Во мраке показалась серая гладь реки. Над донской поймой стояла гулкая осенняя тишь. На том берегу кто-то закашлялся. «Наверное, наш часовой», – подумал Виктор, перехватывая в руках косу.

Девочки принялись срезать серпами молодой лозняк. Женщины и парни стали уступами, как на сенокосе, резанули по старой пожелтевшей траве. Чья-то коса звякнула о камень, и тут же с левого берега ударила автоматная очередь. К ней присоединилось еще несколько стволов.

Словак подталкивал девочек и женщин к отрытым на случай обстрела окопчикам, но в них уже сидели мадьяры. Бормоча проклятия, словак нашел неглубокую промоину. Стрельба, то затихая, то вновь усиливаясь, длилась довольно долго. Ничего не успев сделать за ночь, рабочая группа вернулась в село.

Днем полагалось отсыпаться и готовить пищу из того, что повезло раздобыть. На огородах еще стояли неубранными делянки капусты, квадраты пожухлой картофельной ботвы, кое-где валялись побитые морозами помидоры. Под вечер тете Глаше, одной из тех женщин, что были размещены в доме вместе с Виктором, удалось сварить нехитрый свекольник.

В хату ввалились три мадьярских солдата. Одним оказался их вчерашний переводчик, и, судя по его смущенному виду, был он в этой компании случайно. Двое других хлопали словака по плечу, велели переводить. Говорил в основном мадьяр с грузной, затянутой ремнями тушей, получивший от сагуновцев кличку Алудни[22]. Вечерами он любил бродить по улице, крича утробным голосом это слово. За поясом его торчала ручка кожаной плети, ее хвост волочился по земле. От парней, что были в первой группе и на передовую попали уже во второй раз, приходилось слышать, как ловко орудует своим орудием это животное. Стоит во время работы распрямить спину, как ее быстро обжигает крысиный хвост плетки. Секунда, и оскал палача сменяется меланхоличным лицом, он идет, натягивая глубже шерстяной подшлемник на голову. Еще у Алудни была мерзкая привычка: по утрам он выходил на двор, не стесняясь женщин спускал штаны и с остервенением чесался. Процесс этот получил название: Алудни гоняет «партизан».

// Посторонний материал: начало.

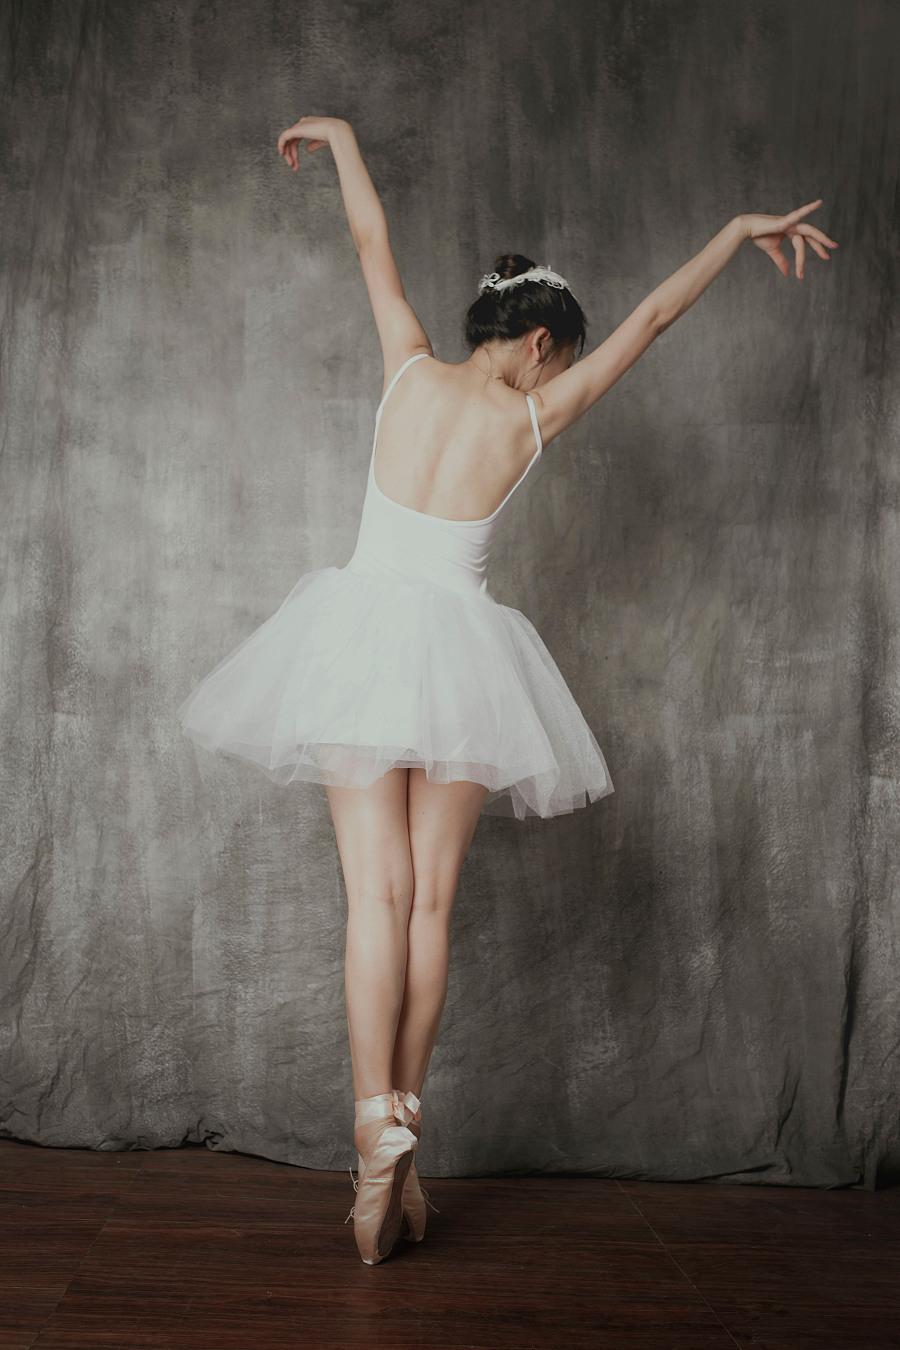 原创作品:芭蕾女孩

Верный прихлебатель Алудни, подхалим Юшка, только поддакивал. Было видно, как трудно словаку давалась каждая фраза. Венгерский он, видимо, понимал еще хуже, чем русский, тем более нечленораздельные выкрики пьяного Алудни. Общий смысл все же удалось уловить.

У Алудни давние счеты с русскими, оттого он такой злой и потому часто пускает свою плеть в дело. Его отец погиб от красного террора, разразившегося в Венгрии во время Гражданской войны, которую устроили большевики, а два дяди долго томились в русском плену. Алудни даже поехал в Финляндию в 1939 году, как и другие венгерские добровольцы, чтобы сражаться с большевиками и помогать сородичам отстаивать независимость.

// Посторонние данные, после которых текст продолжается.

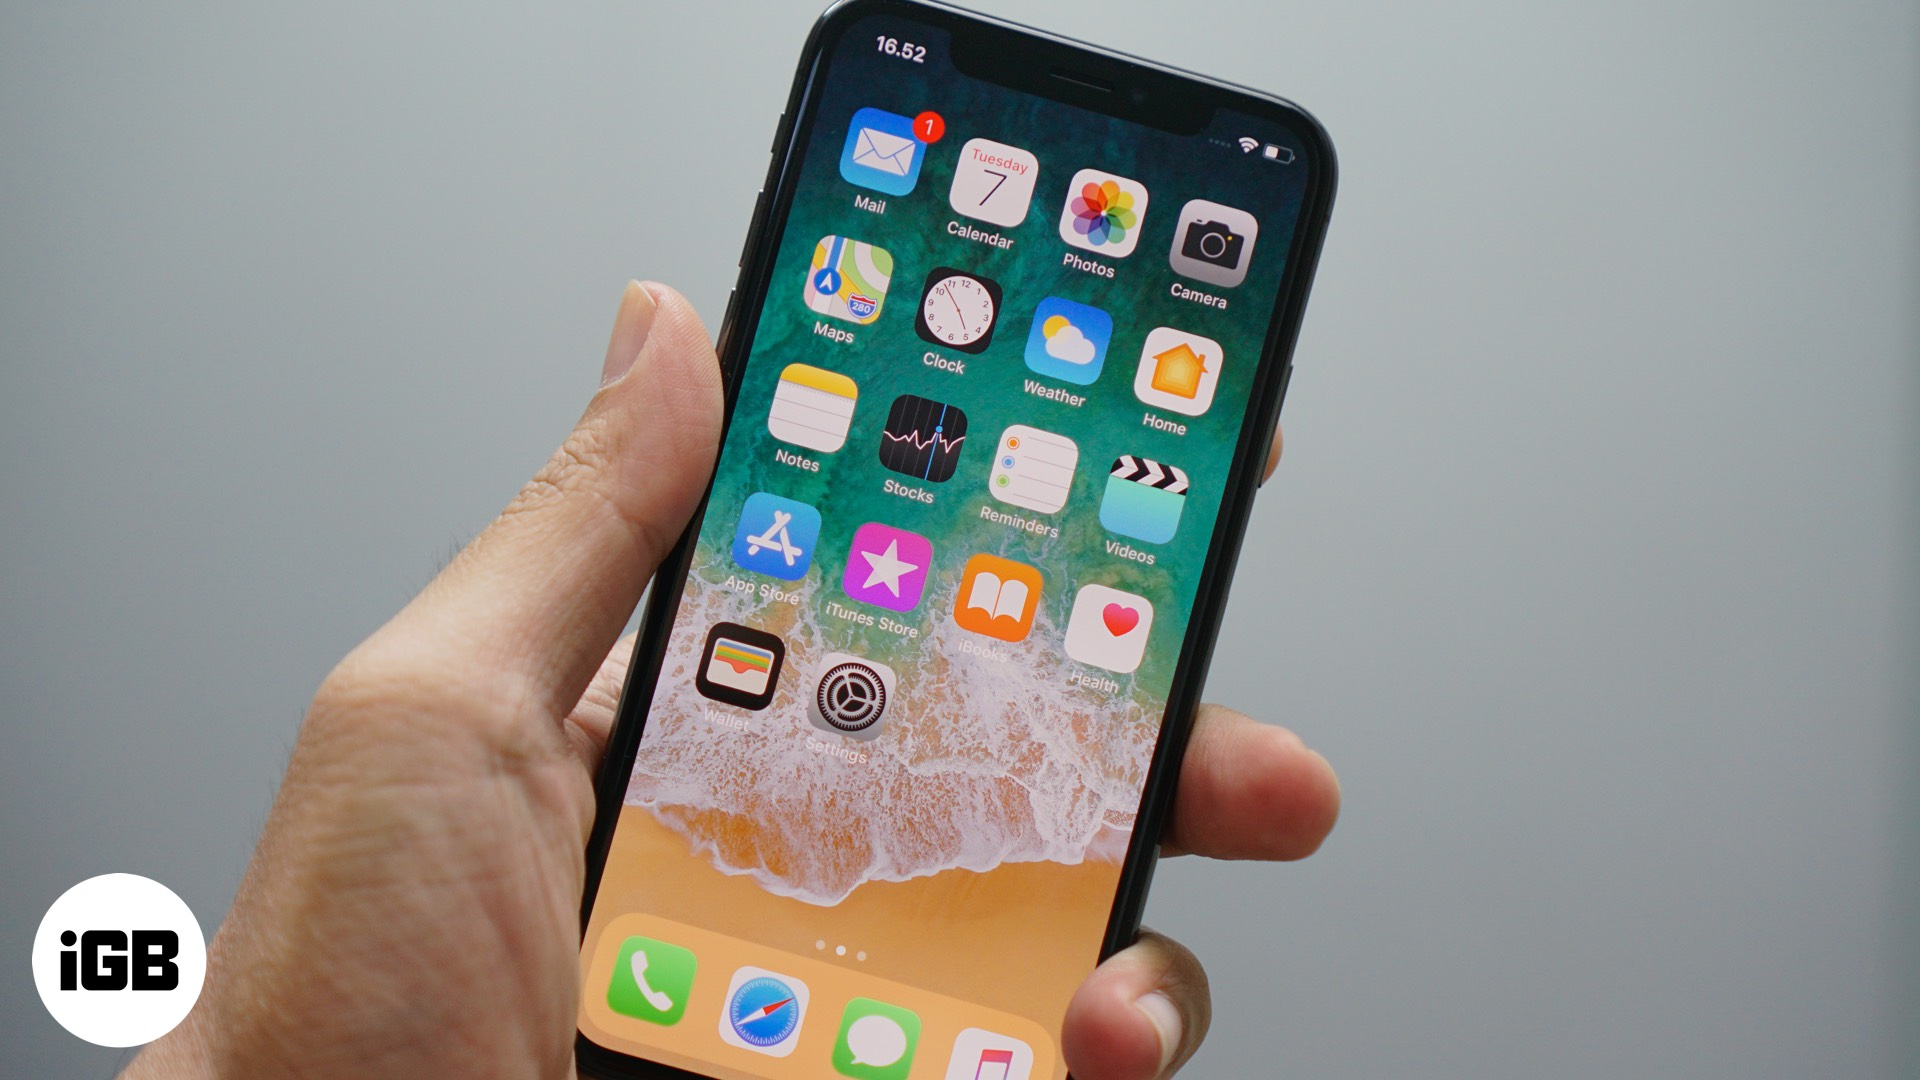 iPhone funcionando lento? 8 Consejos para acelerar tu iPhone

Сегодня к венграм приехали из Белогорья их братья-финны, инструкторы по лыжному делу, чтобы формировать из венгерских солдат лыжные батальоны. Гостям необходимо оказать достойную встречу. Алудни готов похлопотать перед начальством, чтобы женщин и девушек, готовых прийти вечером в гости к финским инструкторам, освободили от ночных работ.

Когда мадьяры покинули хату, тетя Глаша не выдержала, разразилась криком:

– Да сколько же нам эта революция отрыгиваться-то будет? Когда же перестанут ей, проклятой, по глазам-то бить?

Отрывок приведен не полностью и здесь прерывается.